Poco antes, hacía media hora, había encontrado a aquel que era su objetivo. Llevaba observándole dos semanas. Fue un tiempo que resultó suficiente con tal de saber cada mínimo detalle de su rutina diaria. Solía levantarse temprano. Sobre las siete de la mañana. Y media hora después comenzaba una caminata de diez minutos que le llevaba hasta la oficina en la que trabajaba. Hacia las once y media salía a tomarse un café. Después, volvía hasta las dos. Entonces regresaba a casa. Allí se quedaba hasta las cuatro y media. Y ese periodo de tiempo era el que aprovechaba su amante para quedar con él. Lo que hicieran solos se lo imaginaba. Pero no tenía importancia. Ni había vuelta atrás. La decisión estaba tomada.
Cuando lo localizó eran las ocho de la tarde. Tardaría un poco en llegar a casa. Antes de ello solía tomarse una cerveza mientras conversaba con los compañeros de trabajo. Y media hora después era el momento en el que volvía a encontrarse con su enamorada. Daban una vuelta y cada uno tomaba dirección a su hogar. Alguna vez la había seguido, pero estaba centrado en él. Así pues, al instante en que se despidieron, un doloroso nerviosismo hizo acto de presencia en su cuerpo. Cada extremidad de este era recorrida y se veía en la necesidad de recurrir a ligeros estiramientos con tal de calmarse. Pero no perdió de vista a su presa. Sabía el camino que iba a recorrer. Sólo tenía que adelantarle y esperarle en la esquina de aquella callejuela. Y eso haría. El palo de metal que había guardado por la mañana iba a poder cumplir su cometido. Y él respiraría aliviado.

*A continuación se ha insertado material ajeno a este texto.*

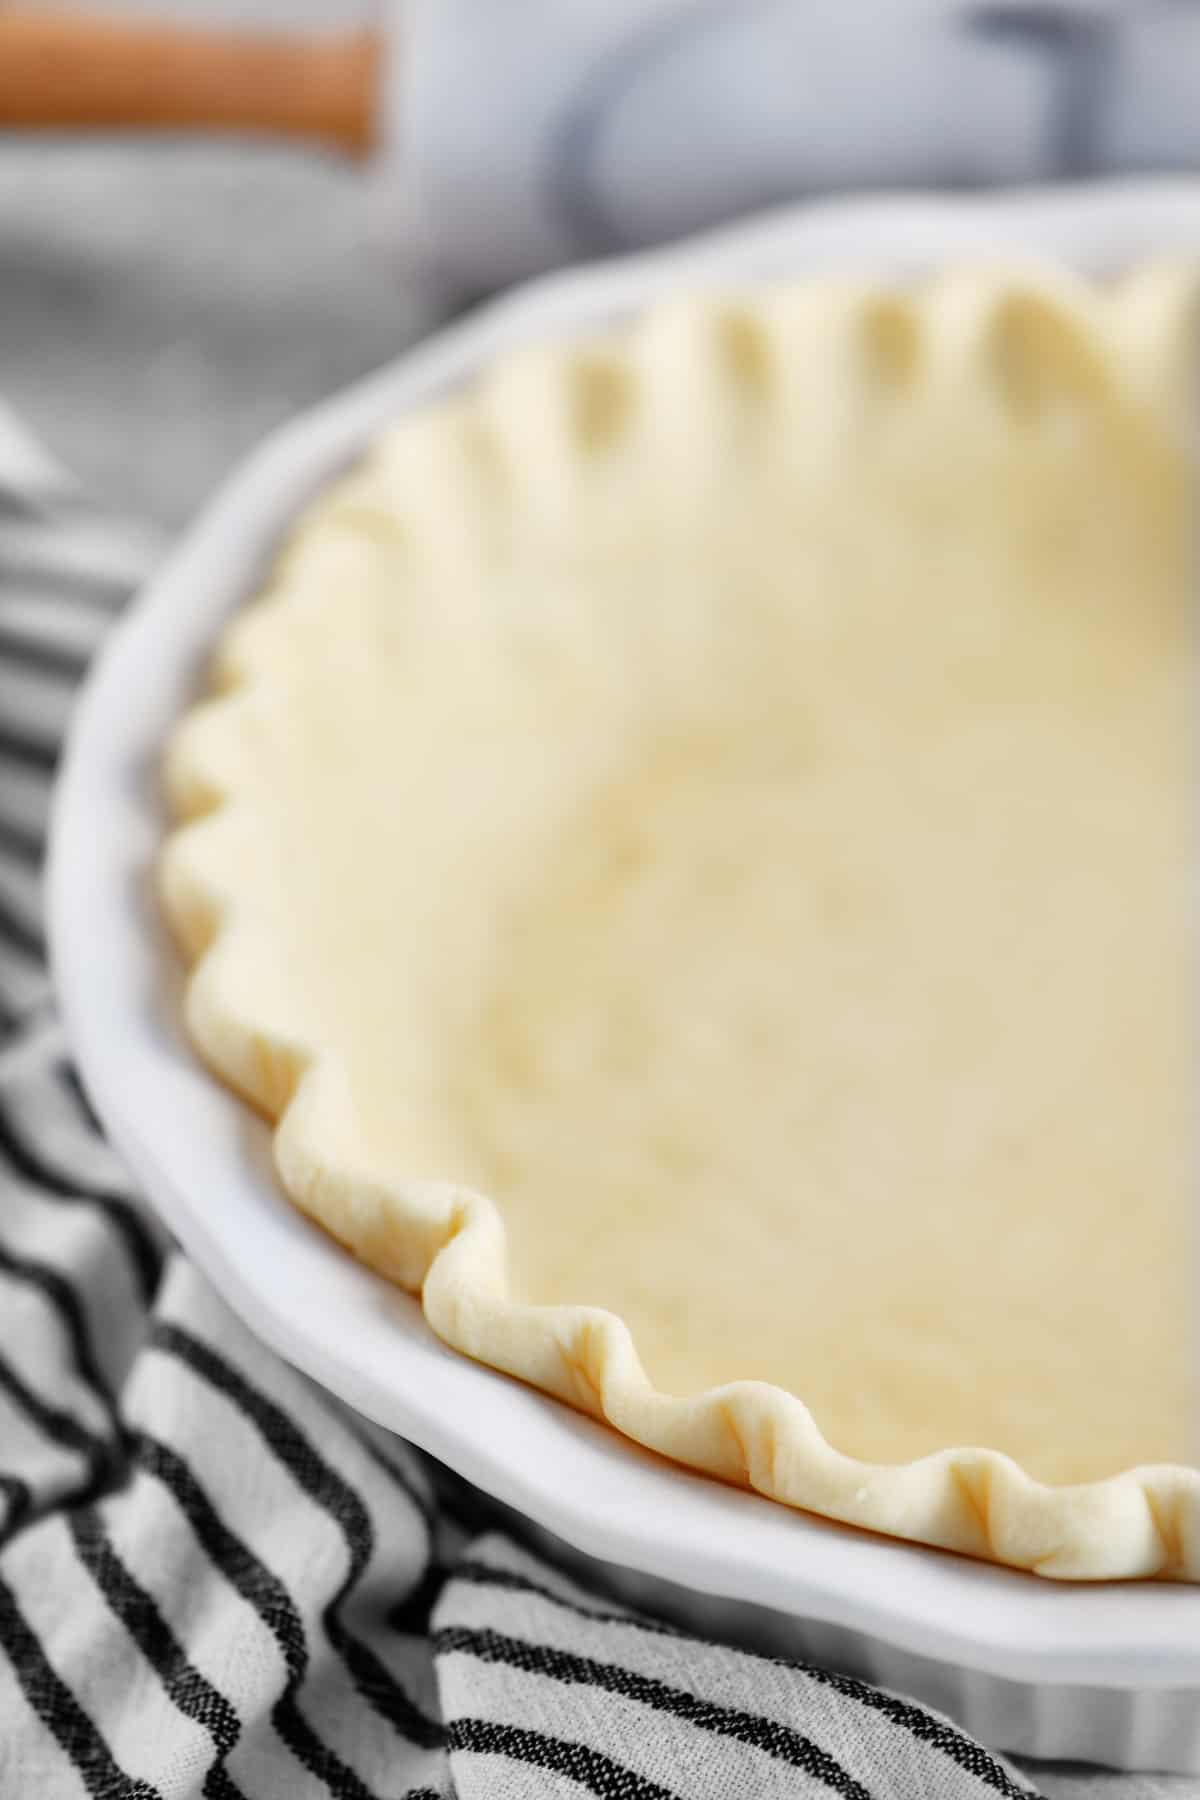 fluted pie crust dough in pan

Así que, tras esconderse, trató de esperarle pacientemente. Pero sus nervios iban en aumento. Las manos le sudaban y una punzada en el estómago que era cada vez mayor le hacía temblar por completo. Pero imaginó el resultado de sus acciones. Y aquello, además de relajarle, le excitaba. Acariciaba el metal tratando de calentarlo. Procurando que fuera más suave al tacto y que no resbalara cuando al fin sirviera para lo que estaba destinado. Contuvo la respiración. Aquella acción también le sirvió de sosiego. Acto seguido, respiró profundamente y exhaló el aire de forma pausada tratando de no hacer ruido. Y parecía que lo estaba logrando. Aquel hombre no se percató de su presencia. Ni siquiera del primer golpe que recibió en la nuca. Quedó inconsciente de inmediato. De su cabeza provino un sonido hueco al chocar contra el asfalto del piso.

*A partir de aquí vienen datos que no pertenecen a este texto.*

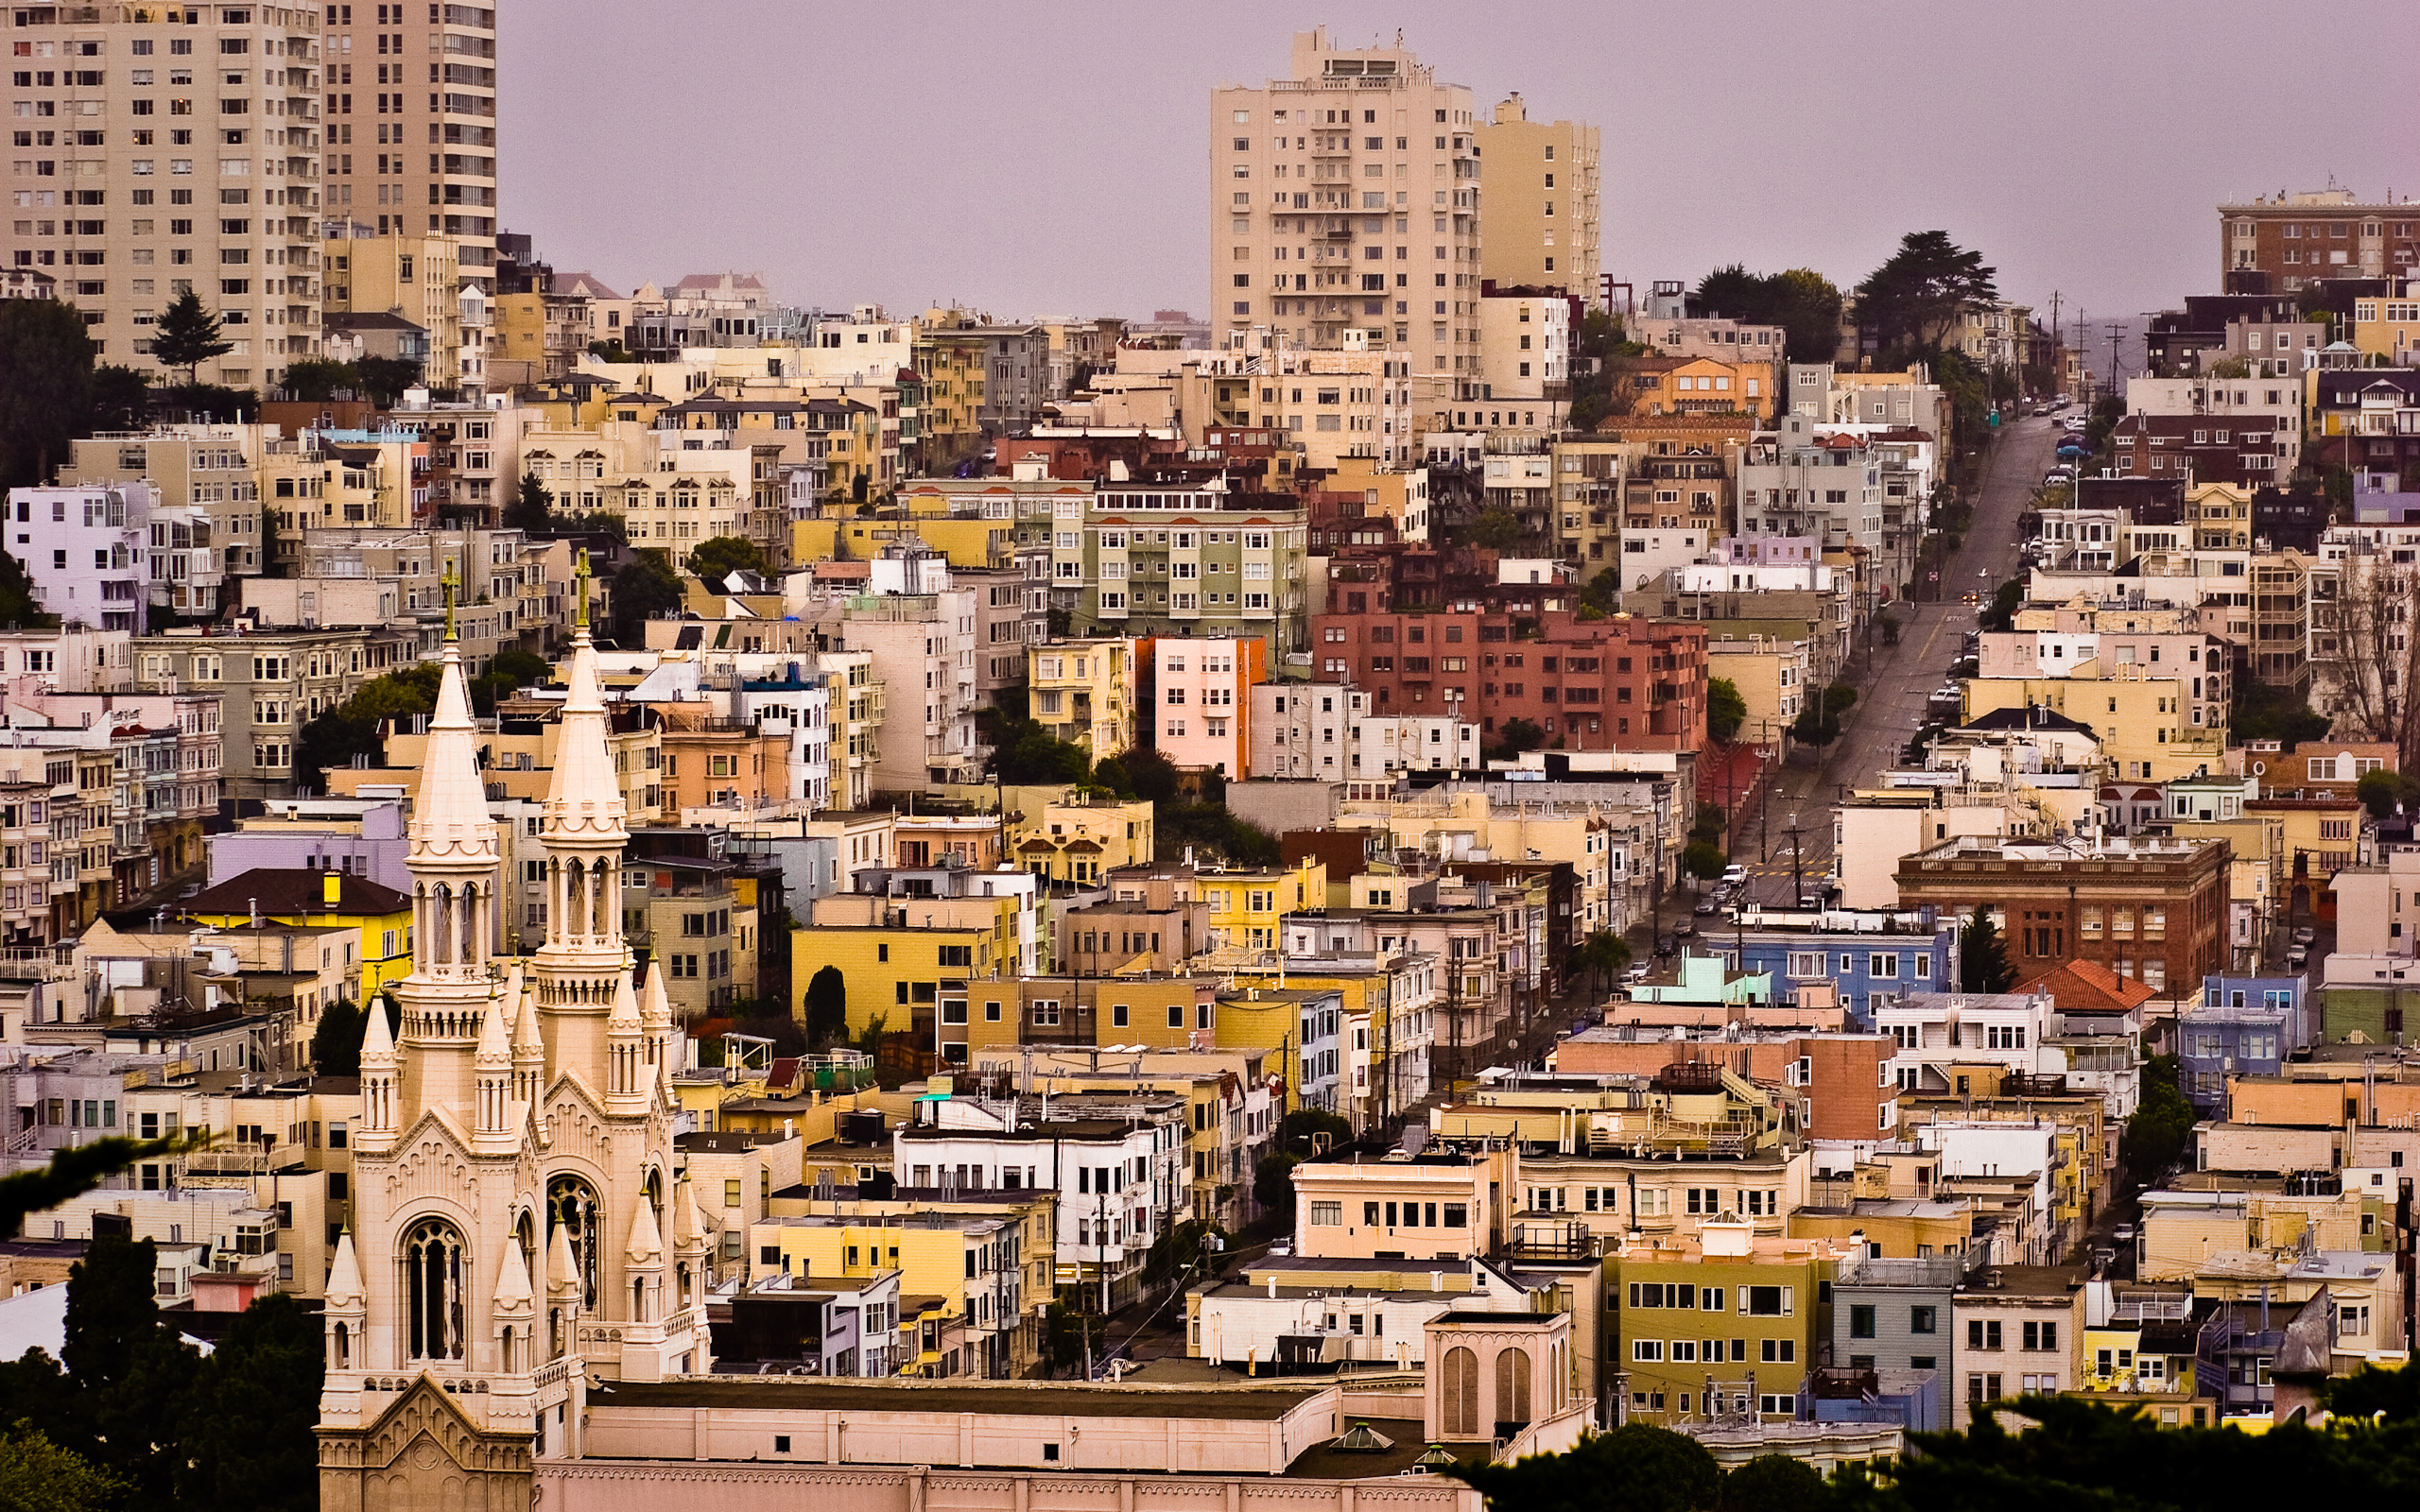 San Francisco Streets Wallpaper Hd

Lo observó tendido mientras convulsionaba y la herida iba pintando el suelo con el tono rojizo de la sangre. Parecía que le costaba respirar. Así que decidió que le ayudaría. Había que liberarle de aquella carga que le impedía hacerlo con normalidad. Por lo tanto, el siguiente testarazo fue a parar sobre su pecho. Emitió un sonido desgarrador, pero poco después pareció que la respiración se le cortaba. Tenía que hacer algo. Aquello tenía pintas de ser alguna especie de tapón. Decidió golpearle otras dos veces. Y otra, y otra, y otra más. Se agachó y le tocó el pecho. Qué extraño. A pesar de tener las costillas completamente destrozadas seguía teniendo dificultades a la hora de coger aire. Le volvió a asestar otro tremendo garrotazo. Pero no respondía. Un hilo silbante era lo único que producían aquellos pulmones. Lo mejor sería evitarle todo aquel sufrir. Así que descargó otra vez su furia sobre él. Y esta vez fueron cuatro veces, pero sobre su cabeza. "Vaya, parece que todo ha acabado", pensó.

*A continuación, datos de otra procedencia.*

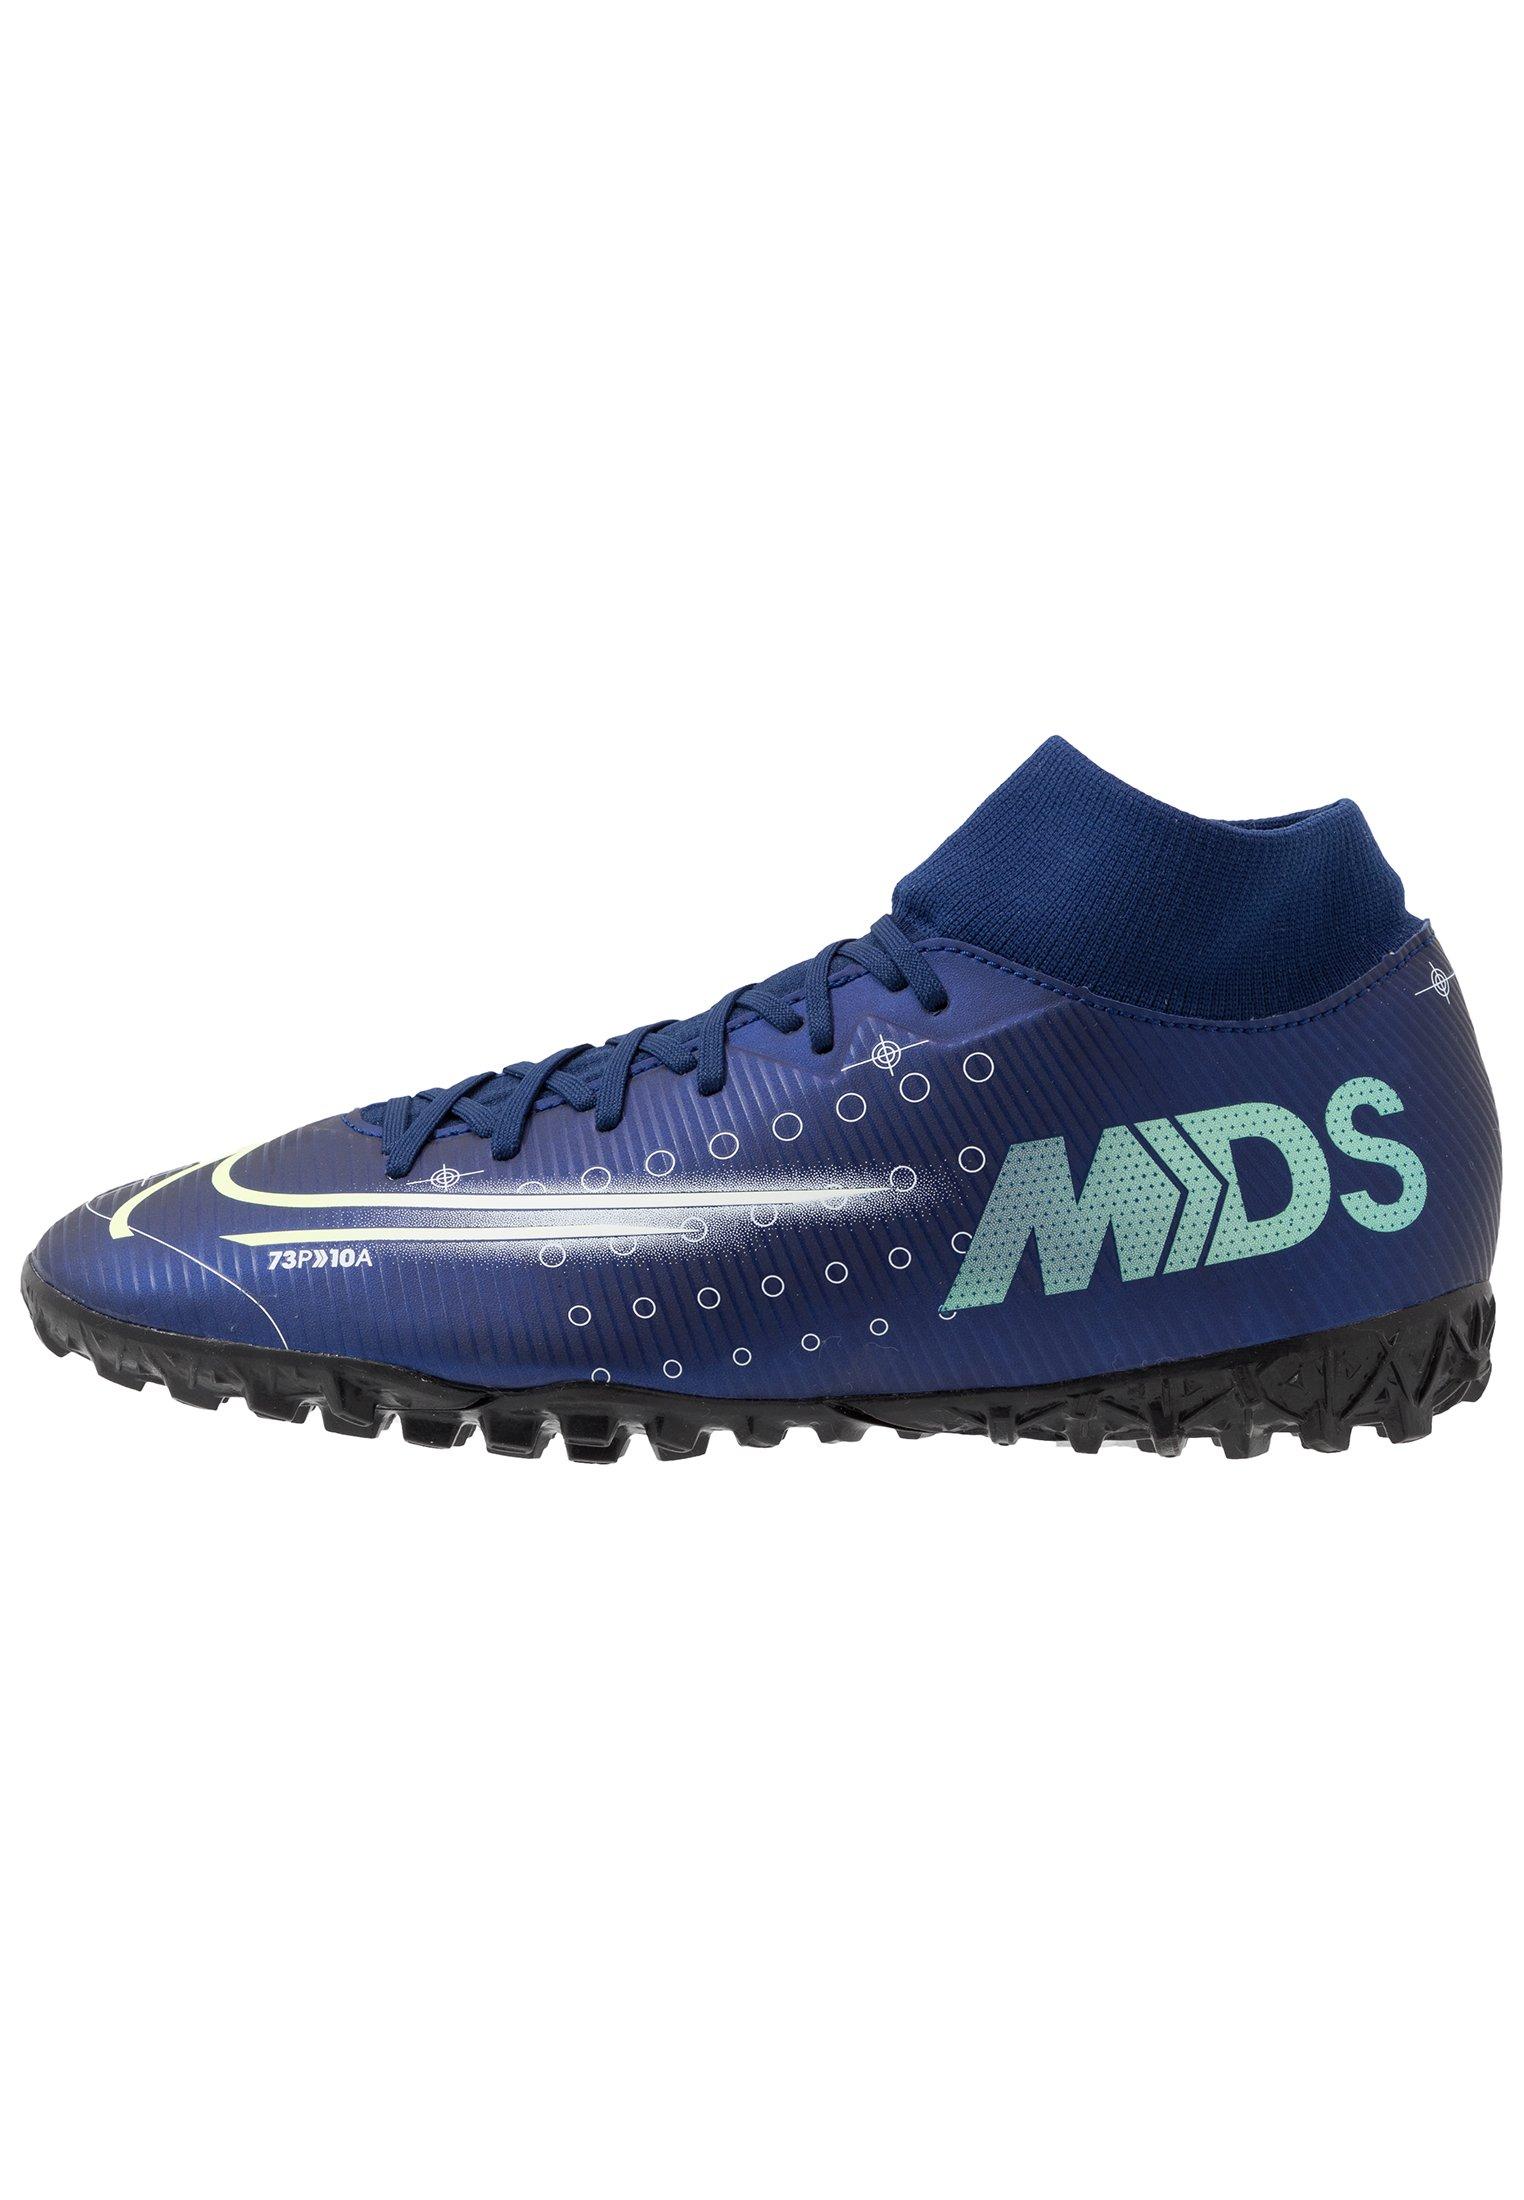 MERCURIAL 7 ACADEMY MDS TF Chaussures de foot multicrampons blue voidmetalic silverwhiteblack

Fue el sonido de unas pisadas lo que le puso en alerta. ¿Tanto jaleo había hecho? Pero si no había puesto ningún tipo de resistencia. ¡Ah, claro! Tenía que haber sido el sonido de los golpes. ¡Qué pena! ¡Con lo armoniosos que habían sido! Es más, estaba convencido de que, si le preguntaran, su presa respondería que había disfrutado como nunca de aquel instante. Pero no todos tenemos los mismos gustos. Y aquellos que oía acercándose parecían no estar muy de acuerdo con el resultado de su obra de arte.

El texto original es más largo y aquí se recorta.